= Eagle effect =

Reduced antibiotic effect at higher concentrations

The Eagle effect, Eagle phenomenon, or paradoxical zone phenomenon, named after Harry Eagle who first described it, originally referred to the paradoxically reduced antibacterial effect of penicillin at high doses, though recent usage generally refers to the relative lack of efficacy of beta lactam antibacterial drugs on infections having large numbers of bacteria. The former effect is paradoxical because the effectiveness of an antibiotic generally rises with increasing drug concentration.

==Mechanism==

Proposed mechanisms:
- Reduced expression of penicillin binding proteins during stationary growth phase
- Induction of microbial resistance mechanisms (such as beta lactamases with short half-lives) by high drug concentrations
- Precipitation of antimicrobial drug in vitro, possibly also leading to the crystallized drug being mis-detected as colonies of the microbe.
- Self-antagonising the receptor with which it binds (penicillin binding proteins, for example, in the case of a penicillin).

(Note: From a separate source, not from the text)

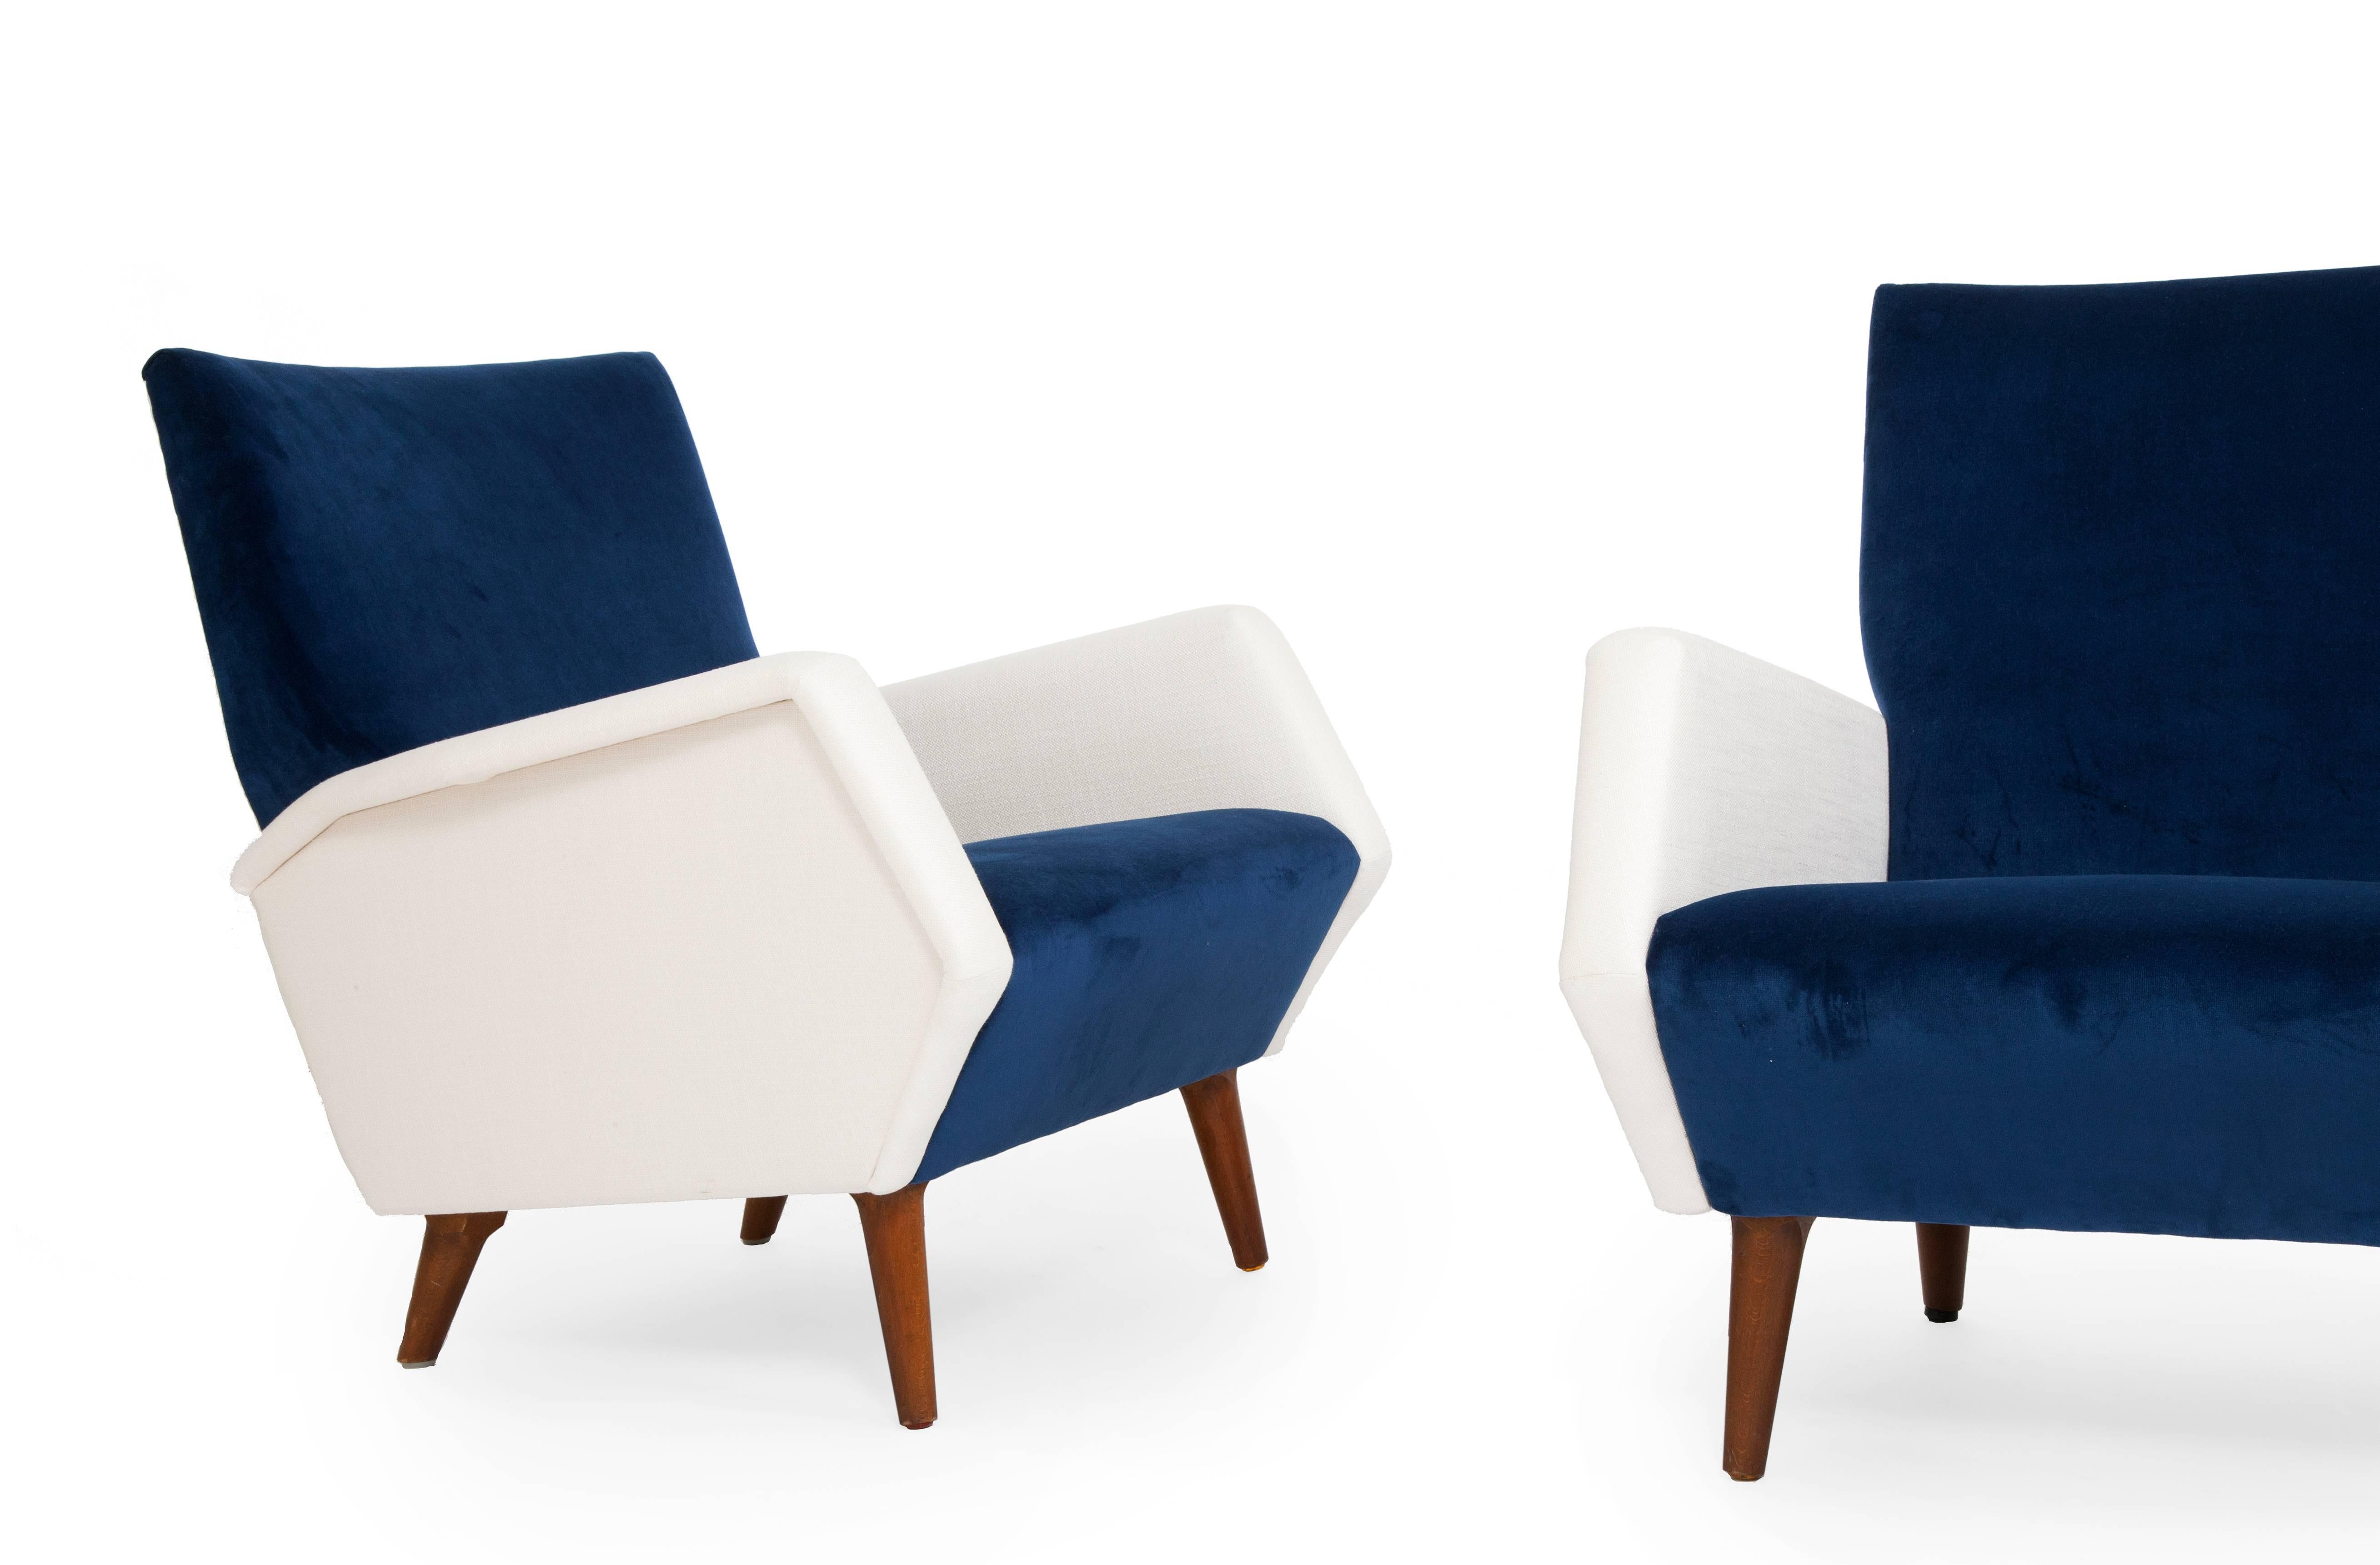 Pair of armchairs designed by Gio Ponti and produced by Cassina, catalog number 803. Italy, 1960s. Sold with a certificate of authenticity from the Gio Ponti archives.

Penicillin is a bactericidal antibiotic that works by inhibiting cell wall synthesis but this synthesis only occurs when bacteria are actively replicating (or in the log phase of growth). In cases of extremely high bacterial burden (such as with Group A Strep), bacteria may be in the stationary phase of growth. In this instance since no bacteria are actively replicating (presumably due to nutrient restriction) penicillin has no activity. This is why adding an antibiotic like clindamycin, which acts ribosomally, kills some of the bacteria and returns them to the log phase of growth.